Das Wichtigste in Kürze
- Laut dem NDB-Chef Christian Dussey ist die Sicherheitslage in der Schweiz angespannt.
- Die Zahl radikalisierter Teenies nimmt ebenso zu wie ausländische Spionageaktivitäten.
- Das Personal des Geheimdienstes sei entsprechend am Limit – es brauche mehr Leute.
Der Chef des Geheimdienstes in der Schweiz, Christian Dussey, hat vor einer wachsenden Zahl jugendlicher Jihadisten gewarnt. Zudem hat er mehr Personal für den Nachrichtendienst des Bundes (NDB) gefordert.
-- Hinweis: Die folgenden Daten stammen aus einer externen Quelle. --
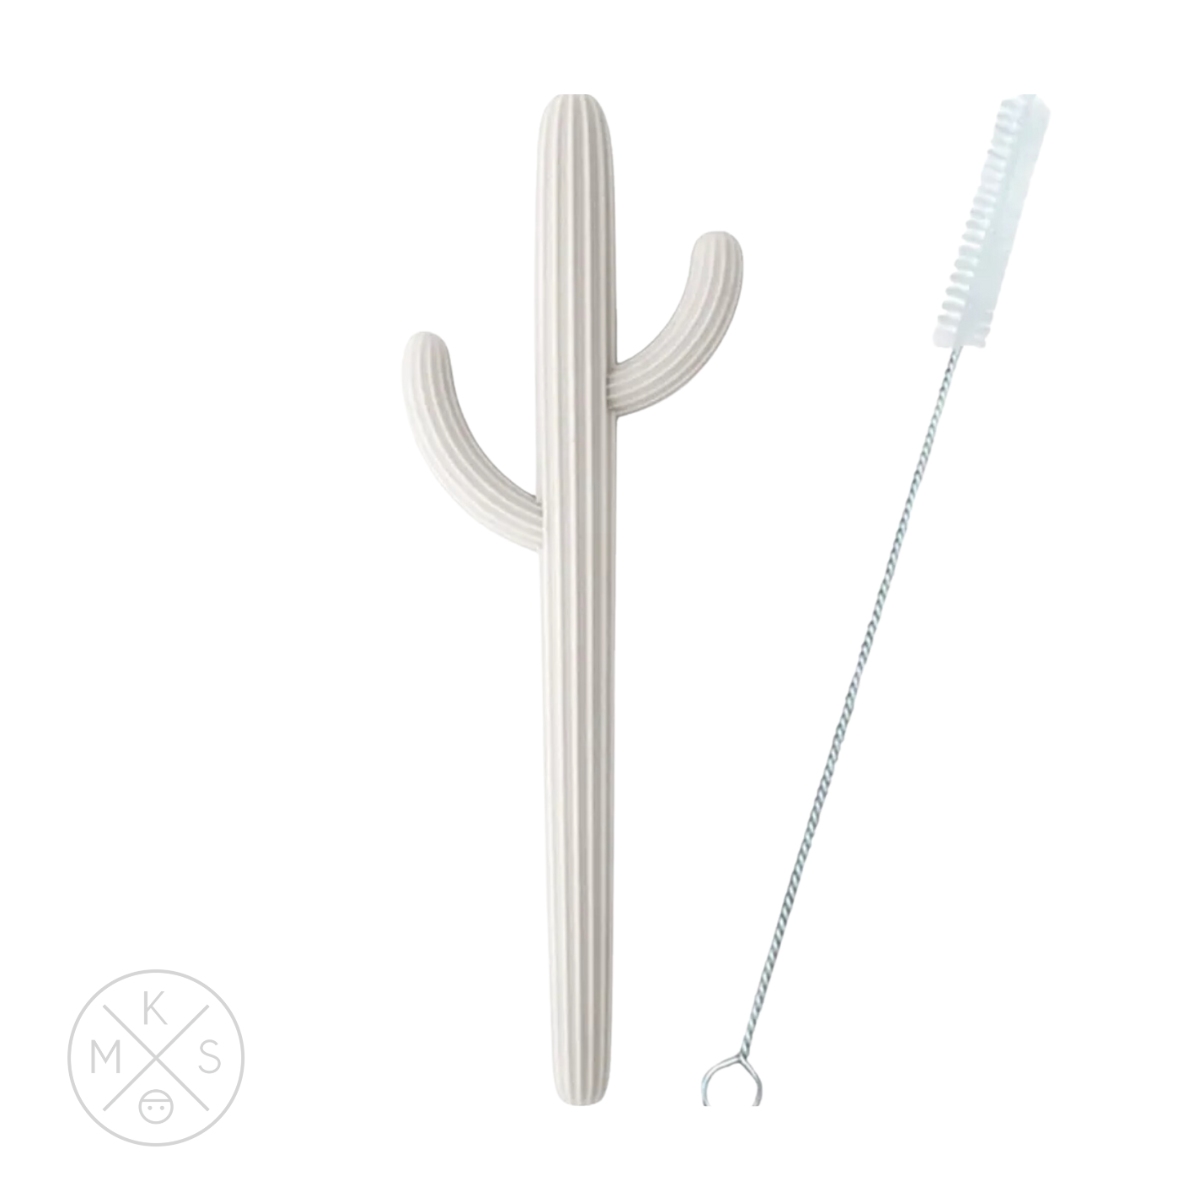 Cactus Silicone Teether & Straw for kids and adults

Wie Christian Dussey gegenüber den «Tamedia»-Zeitungen erklärt, hat sich die Terrorgefahr seit mehreren Jahren erhöht. In der Schweiz und in Europa habe es allein in den vergangenen Wochen mehrere Verhaftungen gegeben. Oft handle es sich um sehr, sehr junge Personen – meistens seien sie noch minderjährig.
IS hat Propagandakampagne gestartet
«Wir stellen fest, dass sich das Problem in den letzten Monaten weiter akzentuiert hat», so Dussey. Er fügte hinzu: «In der Schweiz haben wir überdurchschnittlich viele Fälle von radikalisierten Jugendlichen im Vergleich mit anderen europäischen Staaten.»
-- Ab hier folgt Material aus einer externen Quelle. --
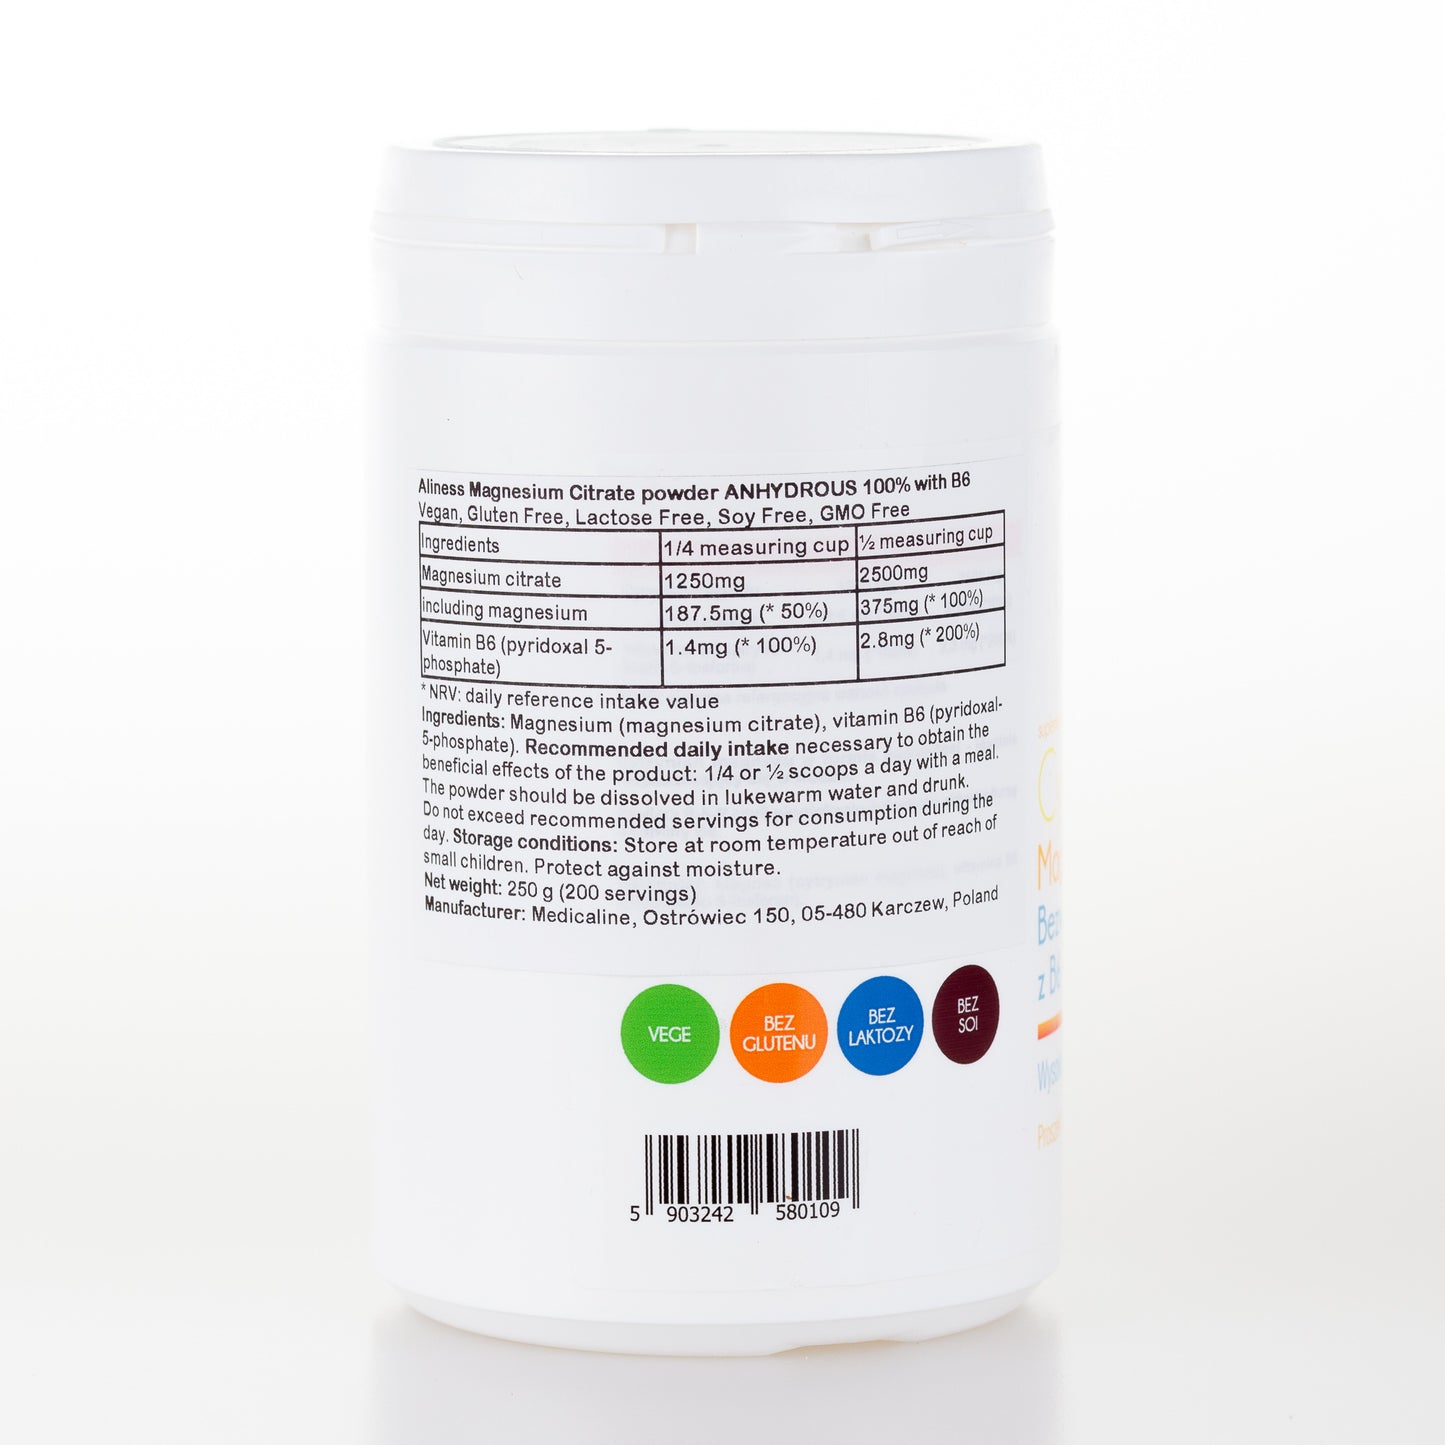 Magnesium Citrate Anhydrous Powder with Vitamin B6 (P-5-P), 250g

Für die Zunahme der Radikalisierungen von Jugendlichen in Europa gibt es einen Grund. Laut Dussey liegt es daran, dass der Islamische Staat Anfang des Jahres eine Propagandakampagne gestartet habe. Er habe direkt dazu aufgerufen, Attentate in Europa zu begehen.
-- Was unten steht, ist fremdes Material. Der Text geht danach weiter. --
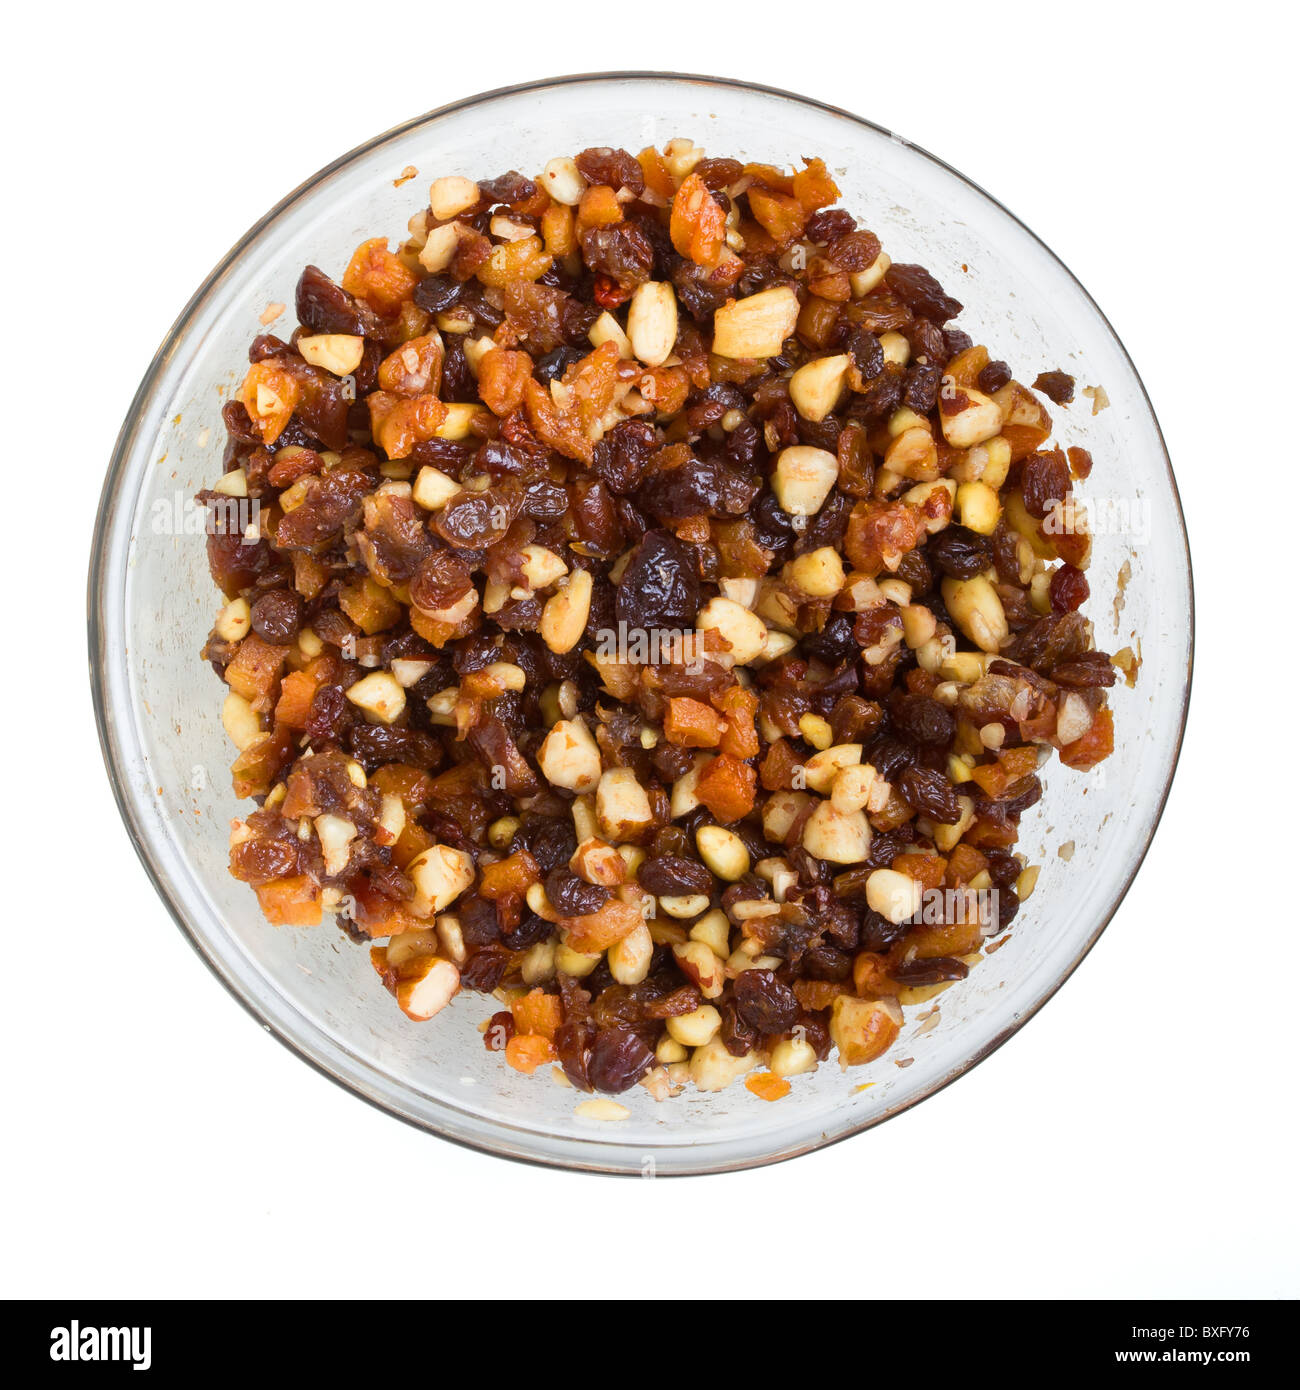 Overhead view of Xmas Cake Mix of nuts and soft fruits soaking up added rum, brandy and sherry. Stock Photo

Daher sei die Präventionsarbeit in der Schweiz zentral. «Wir vom NDB kommen beim Kampf gegen Radikalisierung erst ganz am Schluss. Die Schulen, die Sportvereine, die Familien – sie alle können dabei helfen, festzustellen, wenn sich ein Jugendlicher radikalisiert.» So könne der Prozess früh genug gestoppt werden.
Spionage-Aktivitäten nehmen ebenfalls zu
Im Interview erklärte Dussey zudem, dass seine Mitarbeiterinnen und Mitarbeiter wegen der steigenden Arbeitslast ausgelaugt seinen. «Das Personal ist müde. Seit zweieinhalb Jahren herrscht Krieg in der Ukraine. Und seit Anfang des Jahres haben wir eine neue Dynamik der terroristischen Bedrohung», sagte er.
Zudem habe sich die Fähigkeit verschlechtert, Sicherheitsbedrohungen für die Schweiz und für ihre Bewohner zu erkennen und zu verhindern. Der Geheimdienstchef erklärte auch, dass der von Russland geführte hybride Krieg die Schweiz ebenfalls betreffe. Etwa in Form von aggressiver russischer Spionage und Cyberattacken.
Doch nicht nur aus Russland gebe es solche Aktivitäten, sagt Dussey. Auch die chinesische Spionage könnte laut dem NDB-Boss in den kommenden Jahren zunehmen.
Ein solcher Anstieg der Fälle sei «sehr wahrscheinlich». Denn mit dem Aufstieg Chinas würden dessen Dienste an Bedeutung gewinnen. Personell und finanziell seien sie «entsprechend ausgestattet».
«Einfachere Weltlage» wäre Dussey lieber als NDB-Ausbau
Die Sicherheit der Schweiz sei garantiert, sagte der Geheimdienstchef, jedoch hätten die meisten europäischen Nachrichtendienste massiv ausgebaut. Wie viel zusätzliches Personal der NDB wirklich benötigt, hat Dussey nicht direkt sagen wollen. Er verwies lediglich darauf, dass es dazu konkrete Diskussionen innerhalb des Departements gebe.
Zwar ist laut «Tamedia» kaum eine Verwaltungseinheit so stark gewachsen wie der NDB. Dazu sagt Dussey: «Mir wäre es lieber, wenn wir nicht mehr Leute bräuchten – und eine einfachere Weltlage hätten.»